Reads the command passed via CLI
Sends the message through the Realtime API
Displays the model’s response as a live stream

This gives developers an AI-native terminal experience.

Step 3: Run the Tool

Set your OpenAI key:

export OPENAI_API_KEY="your_key"

Explain any command:

python explain.py "git rev-list --count HEAD"

Example output (streamed):

🔍 Explaining: git rev-list --count HEAD
This command counts how many commits exist in the current branch up to HEAD. The --count flag returns the numeric total instead of listing individual revisions.

The result is fast, fluid, and extremely helpful when you’re unsure what a command does.

Step 4: Optional — Add Tool Calling (AI That Executes Commands)

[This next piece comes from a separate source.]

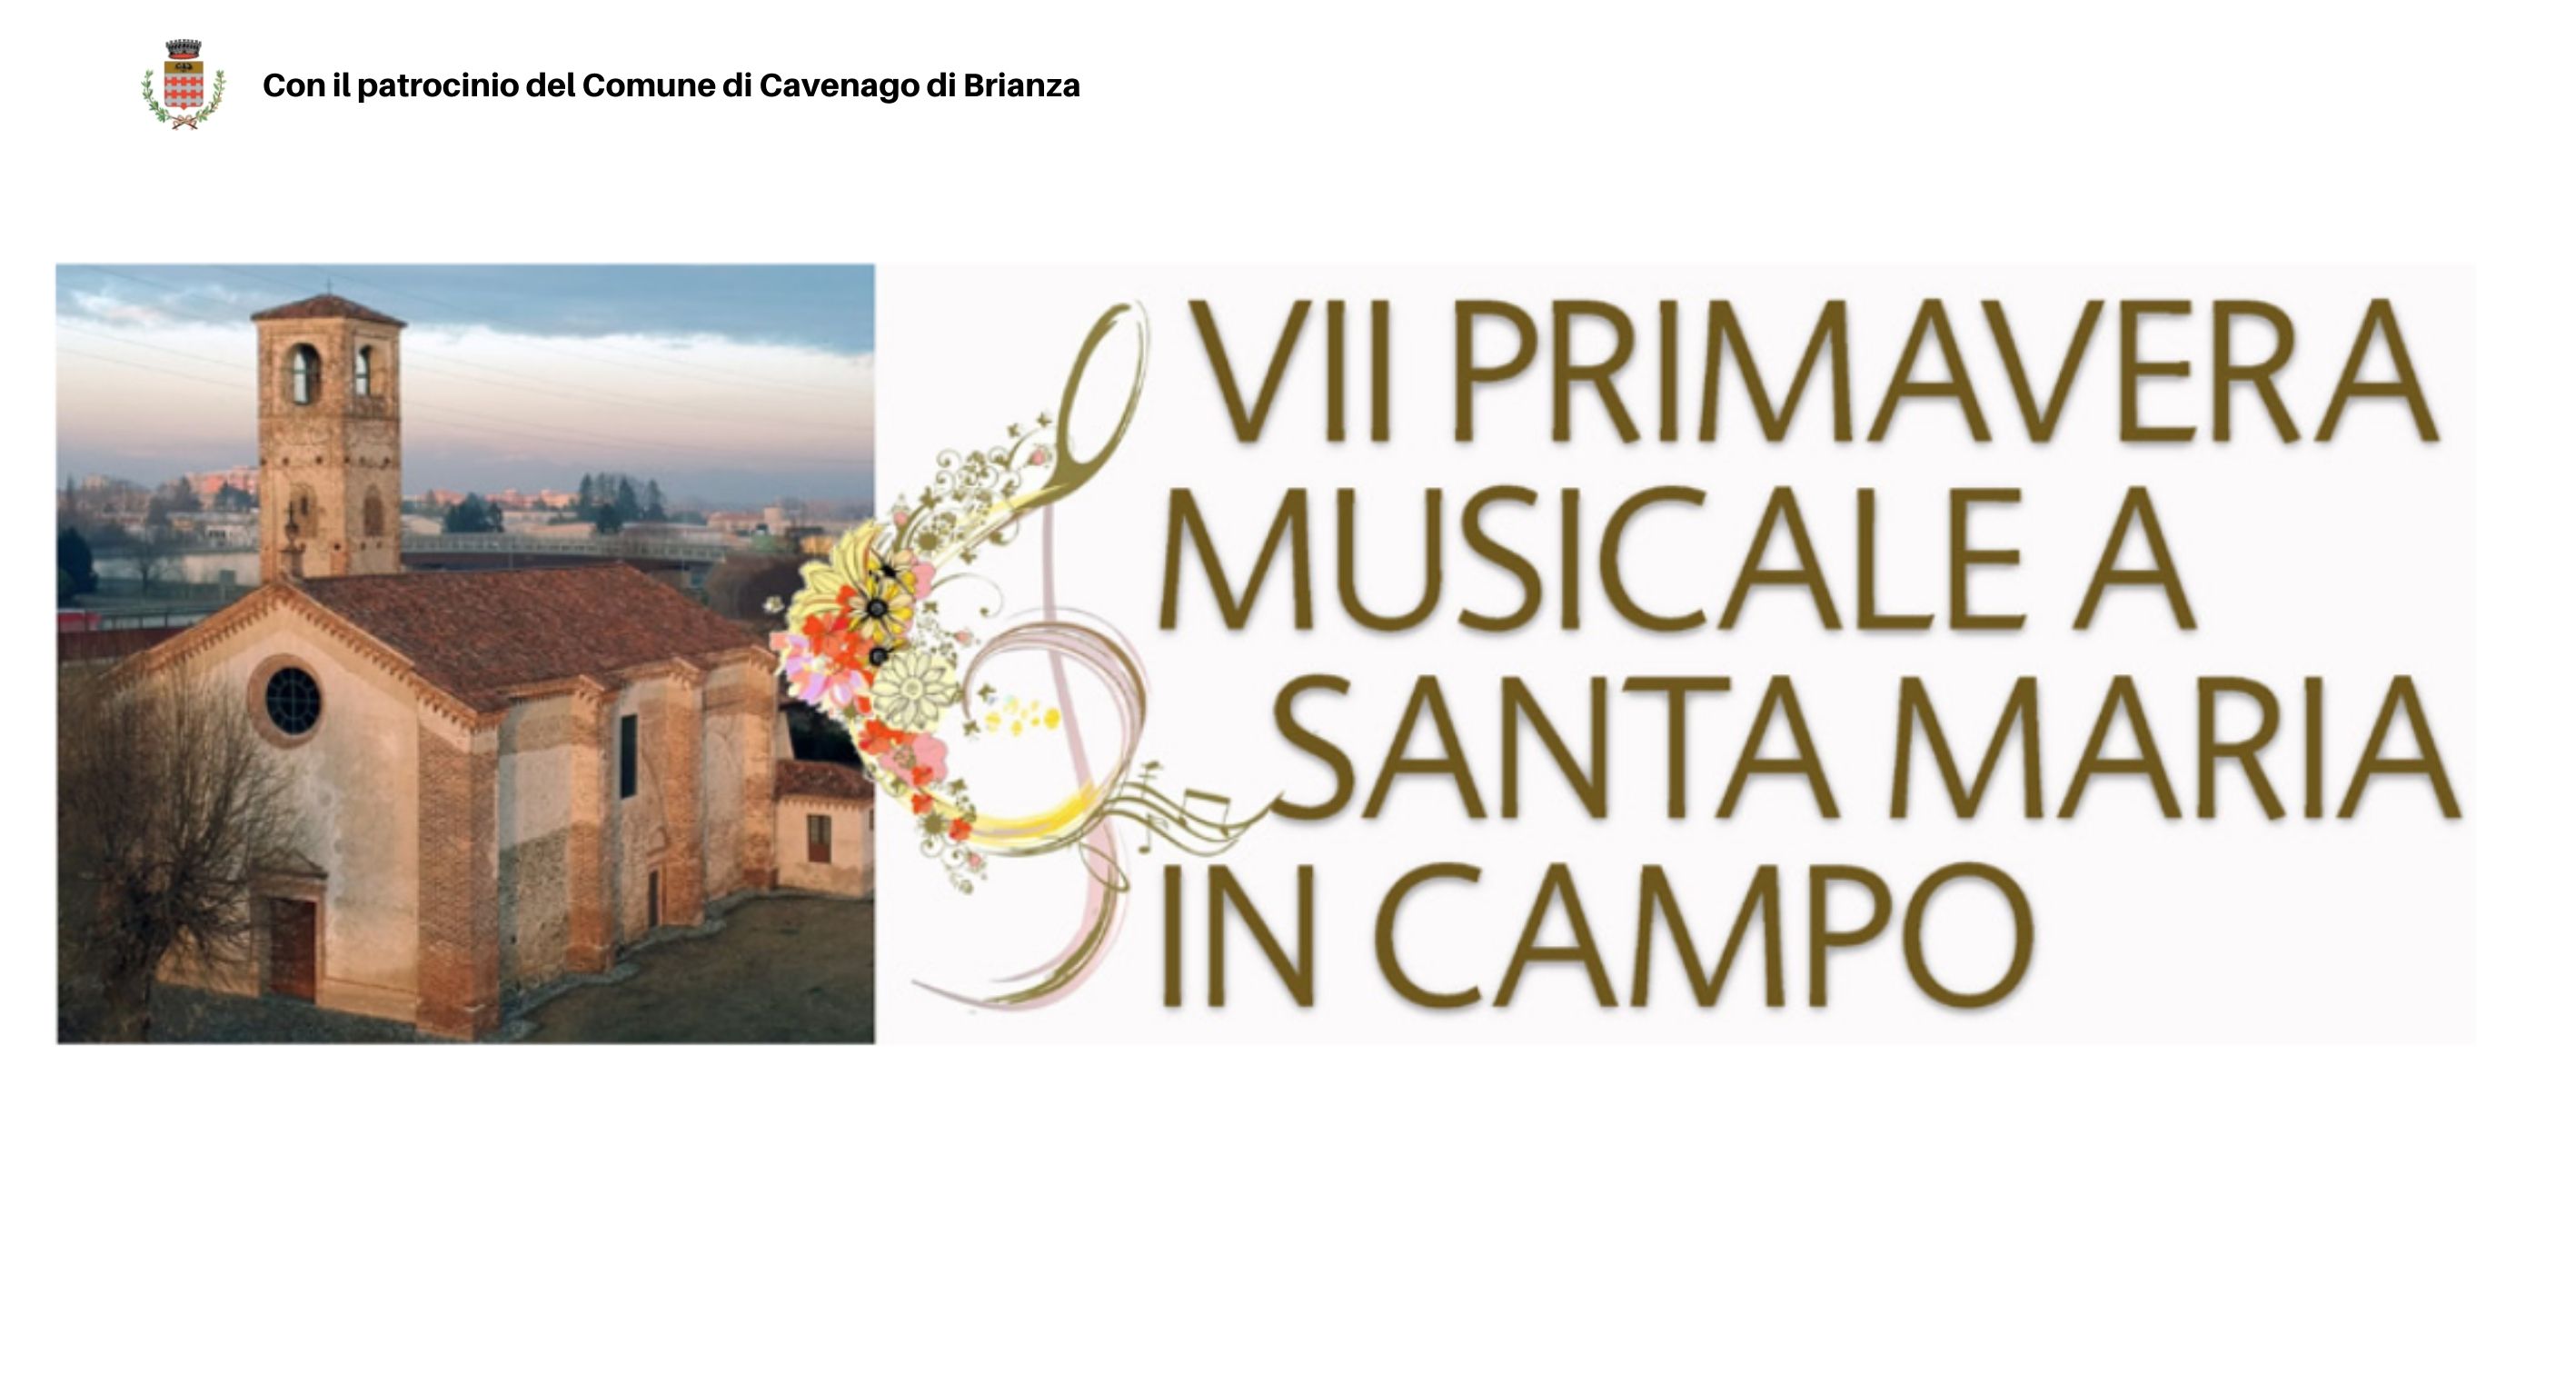 VII PRIMAVERA MUSICALE A SANTA MARIA IN CAMPO

You can expose functions that the model can call.

Define a tool:

tools = [
    {
        "name": "run_shell",
        "description": "Execute a shell command",
        "parameters": {
            "cmd": {"type": "string"},
        }
    }
]

Listen for tool calls:

elif event["type"] == "response.tool_call":
    if event["name"] == "run_shell":
        output = subprocess.getoutput(event["args"]["cmd"])
        await client.send_event({
            "type": "tool_output",
            "content": output
        })

Important: Only allow safe, sandboxed execution - especially for multi-user systems.

But once sandboxed, this unlocks:

llm-git that automatically fixes your errors
llm-logs that identifies failure patterns
llm-devops that applies infrastructure changes
llm-shell where the model becomes your command runner

This is where things get insanely powerful. With this pattern, developers can build a whole ecosystem of AI CLI assistants. Here are real projects you can build:

1) AI Man Page 2.0

Ask questions like: llm-help "What is the difference between grep -r and grep -R?"

2) Git Doctor

Automatically fix common git issues: llm-git "help me resolve this merge conflict"

3) AI Log Debugger

Paste logs to get root cause analysis.

Conclusion

The CLI has always been one of the most powerful environments for developers but also one of the least accessible. With the OpenAI Realtime API, it’s now possible to bring AI directly into that workflow in a natural, real-time, low-latency way.